There but for the grace of God...

Midtown Journal: Homeless Repairman Mixes High Tech With Low Overhead

December 7, 2003 By ALAN FEUER N.Y. Times

Perry Vona works five days a week on a busy stretch of 43rd Street between Fifth Avenue and the Avenue of the Americas, which is not to say that he keeps an office there. Mr. Vona, who is homeless, works on 43rd Street - literally - repairing laptops, hard drives, keyboards, scanners, monitors and whatever other detritus of the digital age he can scavenge from the trash.

He is a common sight amid the pedestrians in Midtown, who might encounter him at 8 a.m. on a weekday sitting in a swivel chair, hunched over a stubborn piece of computer hardware plugged into the base of a public light pole. Working curbside with a fully stocked toolbox, he claims to sell his products to wholesale buyers and bargain hunters for as little as $60 to $80 apiece.

"I get them running, then I get them out the door," said Mr. Vona, whose open-air repair shop has no door. "I don't care what shape they come in, I can fix them."

"I do the upgrades, everything," he continued. "When I get done with a computer, it'll work."

Mr. Vona - a big, tall, hairy, bearish man somewhere in early middle age - has been earning his keep in just this fashion for at least eight years. He makes his living at the very intersection of high technology and consumer culture; his survival depends on the built-in obsolescence of computer goods.

The facts of his story are somewhat jumbled, none the least because he is mentally retarded and admits to suffering from a delusional mental illness. Mr. Vona clearly bears the scars, in psyche and in body, from years of living on the streets.

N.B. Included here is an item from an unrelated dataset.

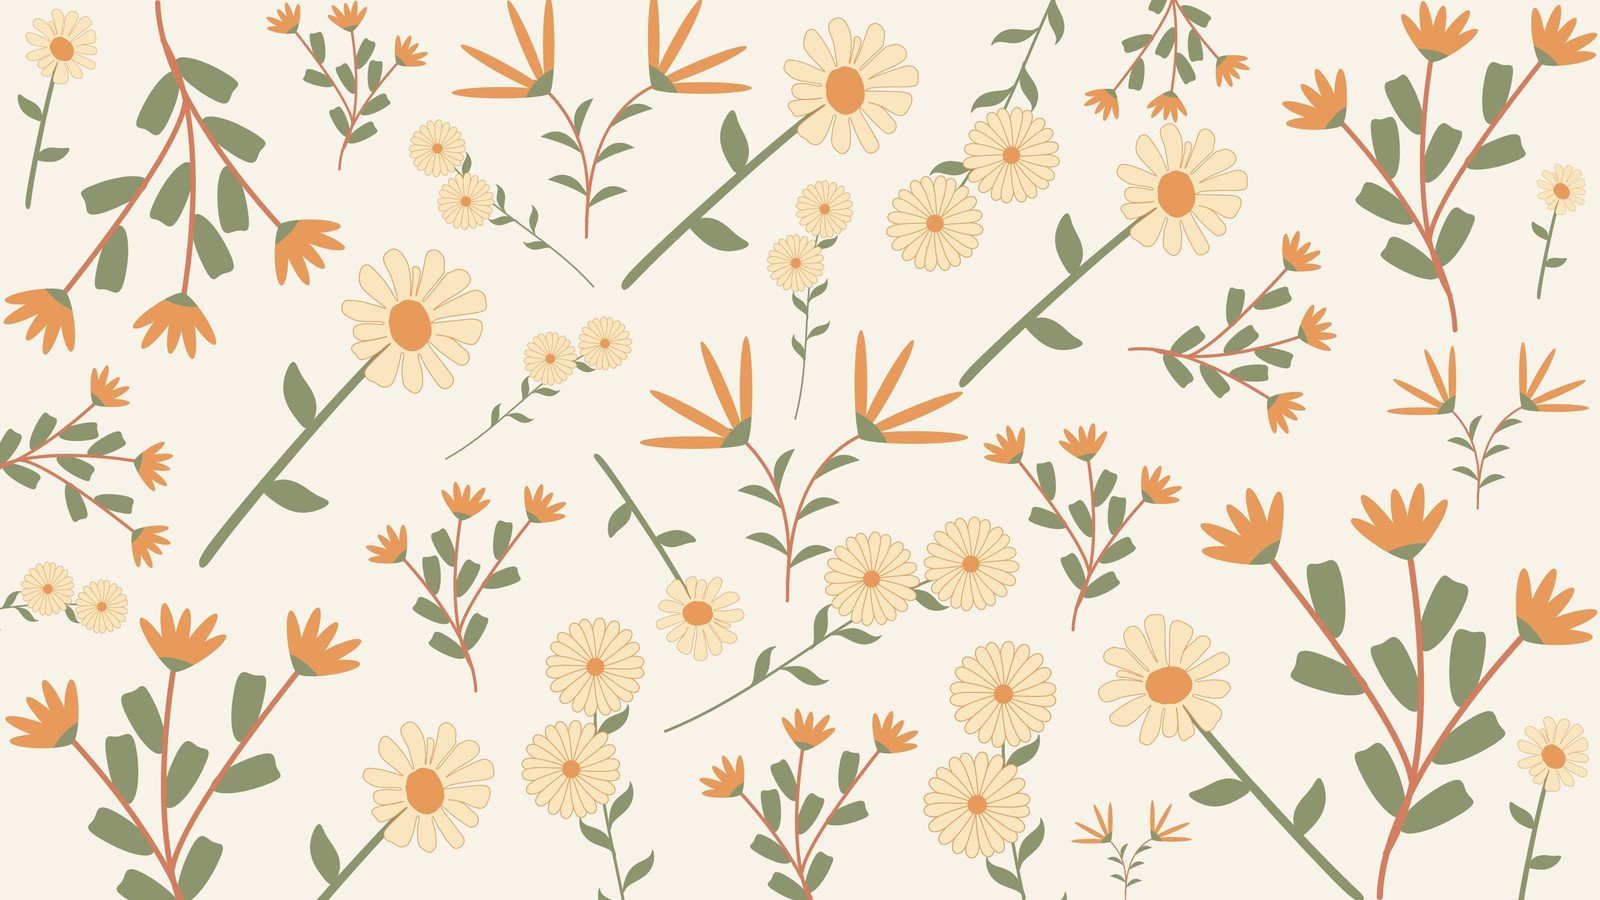 Yellow Aesthetic Flower Desktop Wallpapers

By his own account, he has led a tragic life. His parents died when he was 4 months old, and he was raised by a succession of foster parents, some of whom he says abused him. He was an ironworker until 1996, when he was injured on the job: a construction crane fell on top of him, he says, and put him in a coma. When he awakened, he says, he was imbued with an expertise in computer repair.

"Just like that," he said. "A gift from God."

This fantastic story is at odds with an account he gave The New York Times in 1995 when, using the name Carlos Sam, he claimed to have learned his trade at an uncle's television repair shop.

Nevertheless, one of his customers, reached at his request, confirmed his basic tale.

"I do know Perry," said Anthony J. Barber, a computer consultant. "I buy stuff from him every now and then. Some of it's good, some of it's junk."

Mr. Barber said that after making purchases from Mr. Vona, he would turn around and sell the items on his own. "We both turn trash into cash," Mr. Barber said.

Mr. Vona has been busy in the last eight years keeping up with the latest advances in technology, he says. He claims to be fluent in HTML and Javascript, and says he knows his way around televisions, cellphones, cuckoo clocks, refrigerators, washers, dryers and sewing machines.

He has two basic methods of acquiring equipment, he says: he roots through the garbage and he keeps a list of contacts in the city Sanitation Department and among the janitorial staffs of Midtown offices, who pass him castoff computer goods.

Mr. Vona has looked for more established work, but he says employers are usually unwilling to overlook his homelessness. A man with skills but without a roof, he says, gets nowhere.

"People look at you as homeless before they look at your qualities," he said. "And if they don't like what they're looking at, they don't look at you at all."

Recently, his business has suffered. He says that on the day before Thanksgiving, the police threw out a portion of his inventory, which he stores in canvas mail carts on the street. He lost three hard drives, some monitors and a couple of keyboards, he says.

"Yeah, some Thanksgiving present," he said.

Officers in the Midtown South Precinct refused to comment on Mr. Vona's accusations, aside from saying that he has never been arrested. They added that he was a constant, and relatively harmless, presence in the neighborhood.

But he seems to be hurting.

The photograph that accompanied the article in The Times eight years ago showed Mr. Vona hard at work, with the products of his business spread around him.

On Friday morning, he had only a single cart, and it contained a scanty tangle of broken goods.

He was eating breakfast on a blanket underneath some scaffolding. The street was quiet, the day was cold. He said he was depressed.

"All I want is a room," he said. "I got bad legs, bad circulation and two heart attacks in the last few years. I just want a place with privacy where I don't have to worry about people stealing all my stuff. All I want is a place of my own."